* [TRY IT]: Only the lines from the one containing "Mobile or Cell Phone SIM Cards" through the final line below belong in the output, copied exactly and without pictures.

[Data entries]
§ §

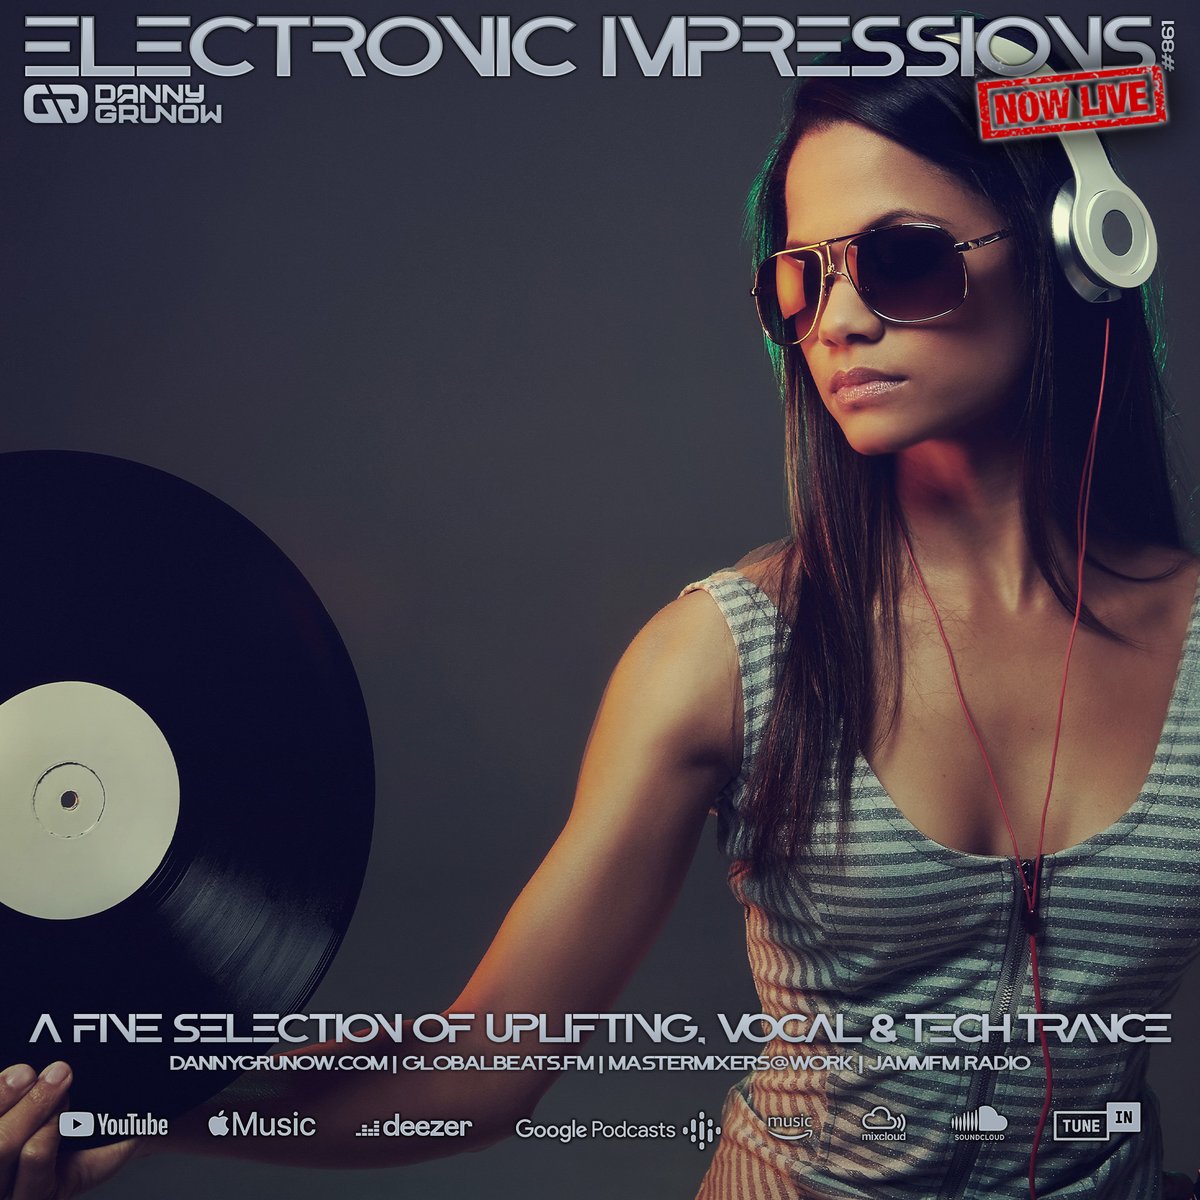 Now live #Trancelovers

Electronic Impressions 861 with Danny Grunow
youtu.be/Ob7Pg7hqomI

Tune in and enjoy the music.

#Trance #Trancefamily #UpliftingTrance #VocalTrance #TechTrance
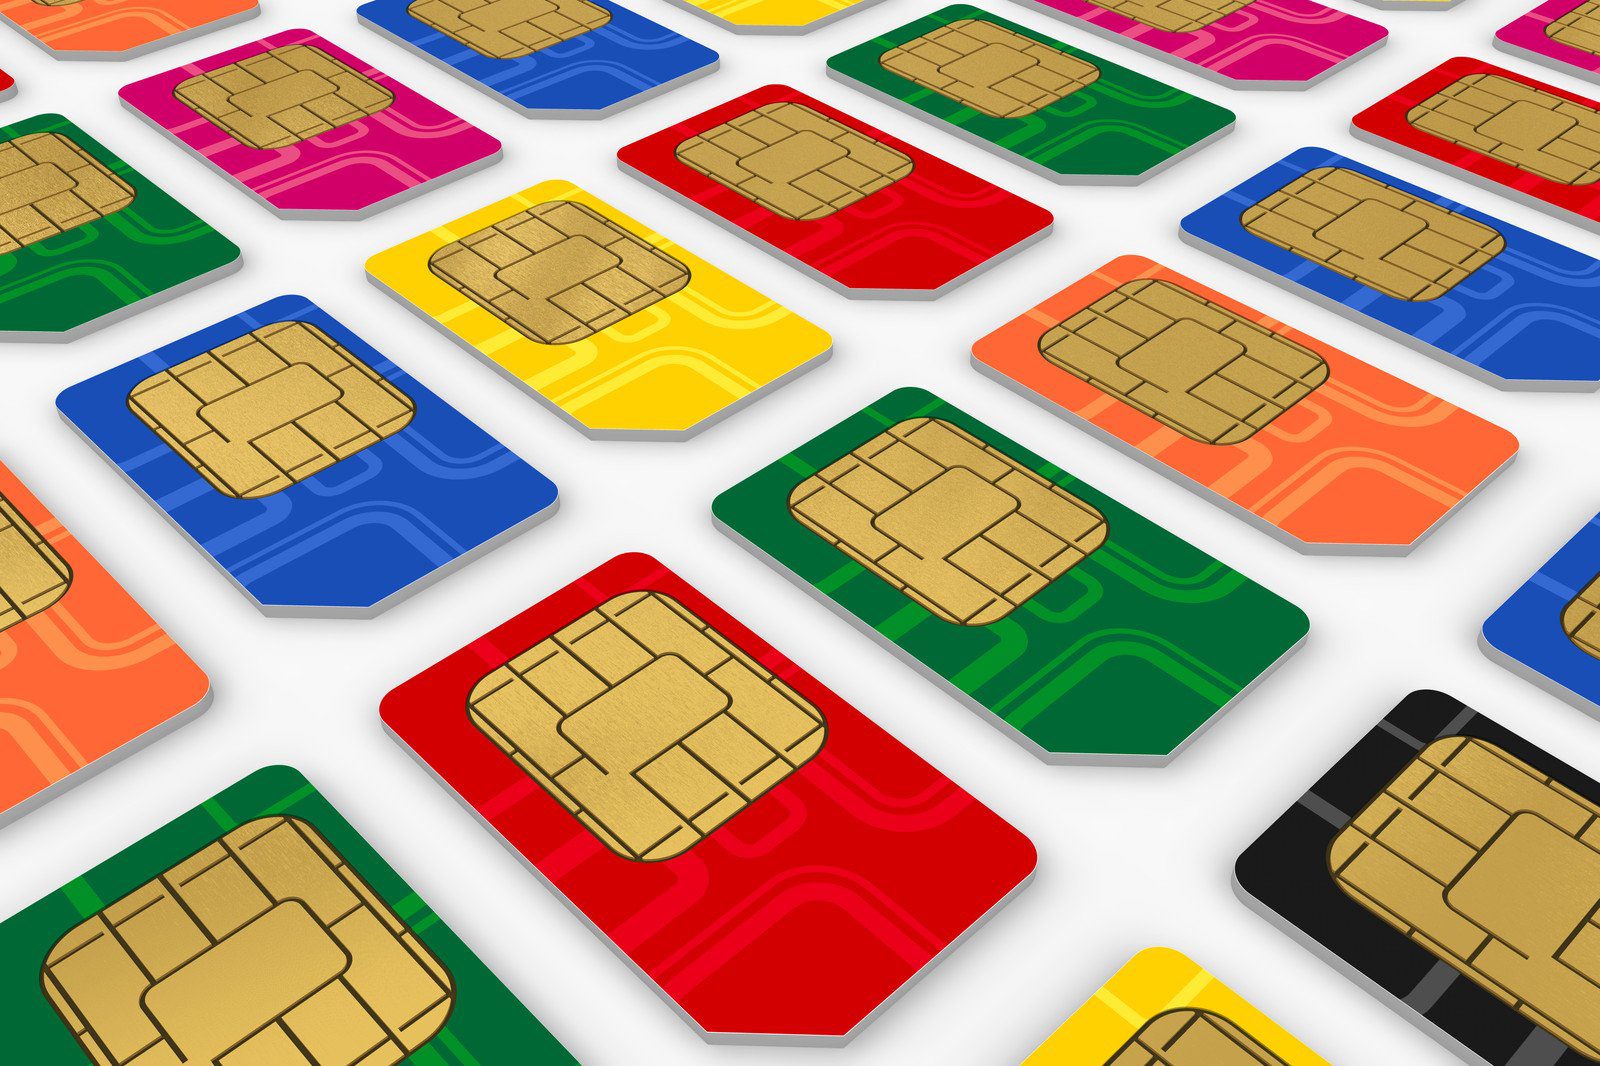 Mobile or Cell Phone SIM Cards
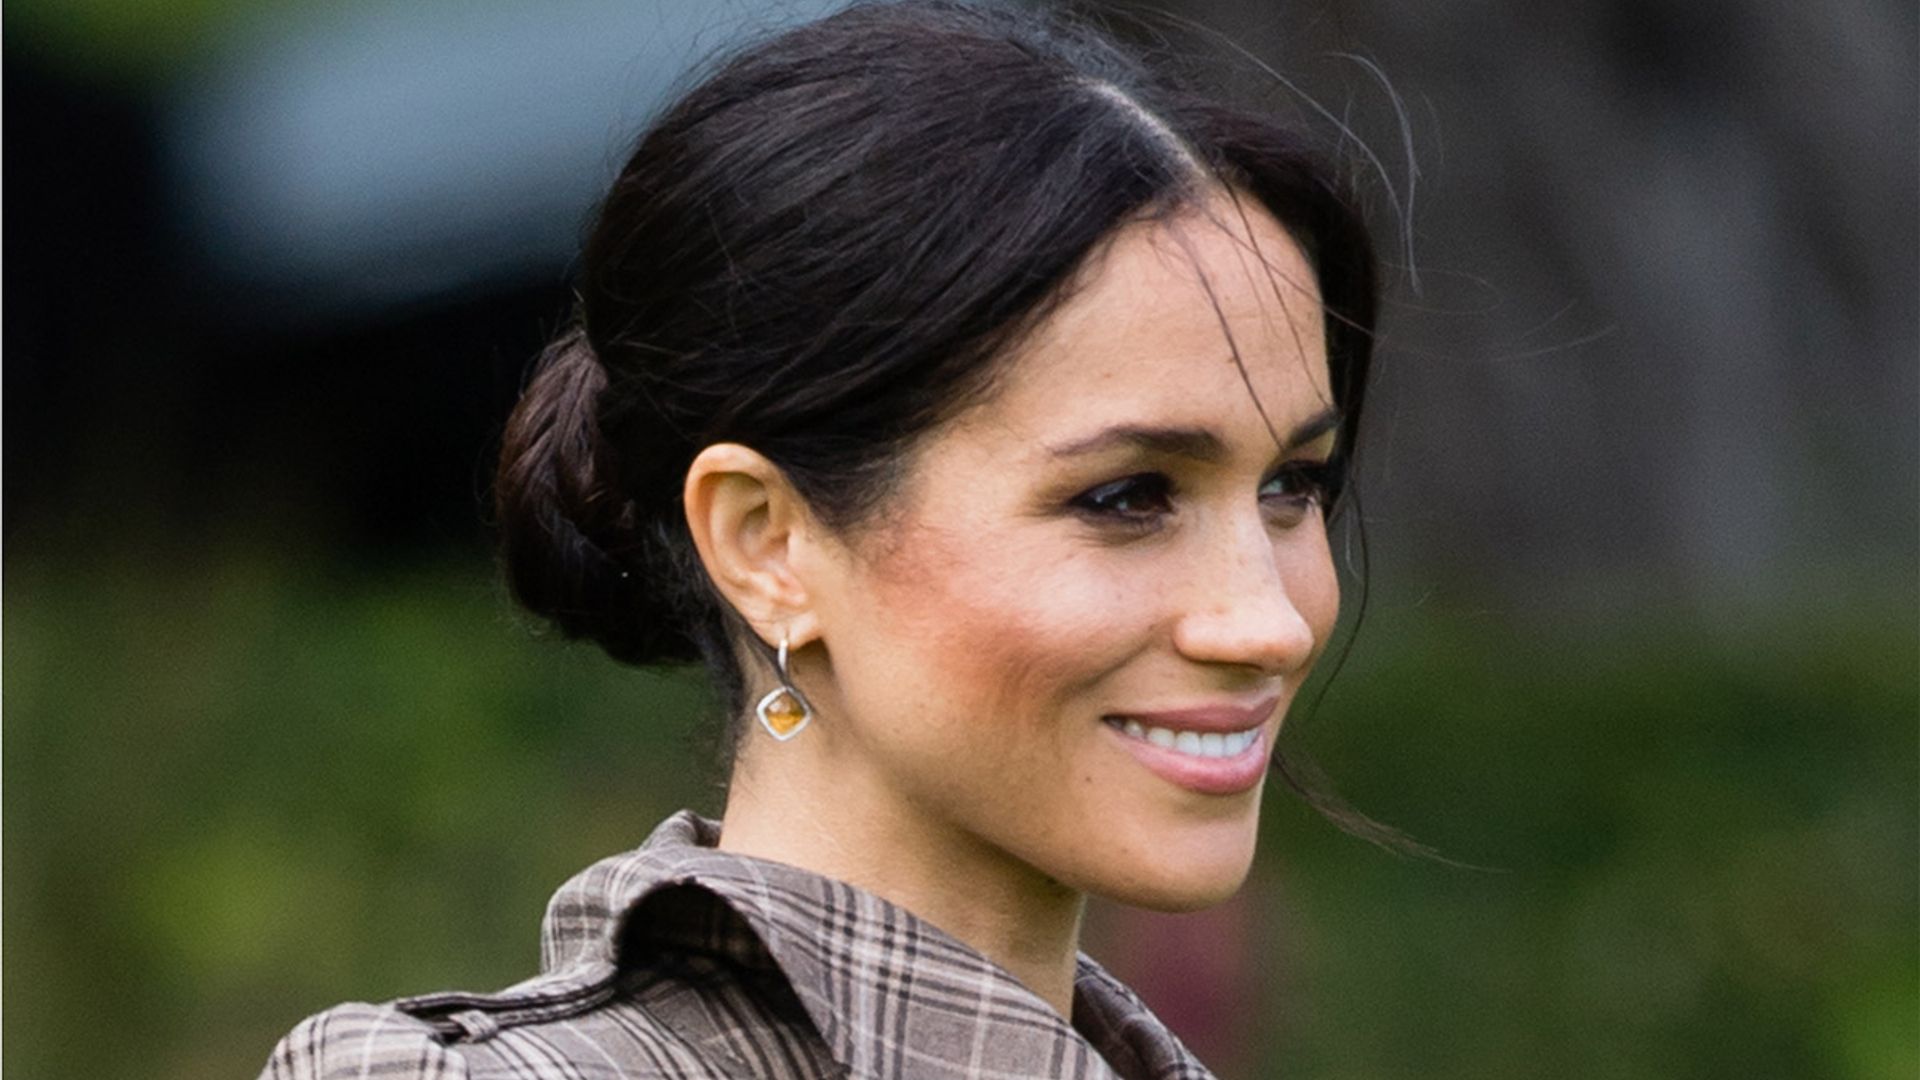 Meghan Markle's first famous royal handbag is finally available to buy

§ §

* [FINAL ANSWER]:
 Mobile or Cell Phone SIM Cards
 Meghan Markle's first famous royal handbag is finally available to buy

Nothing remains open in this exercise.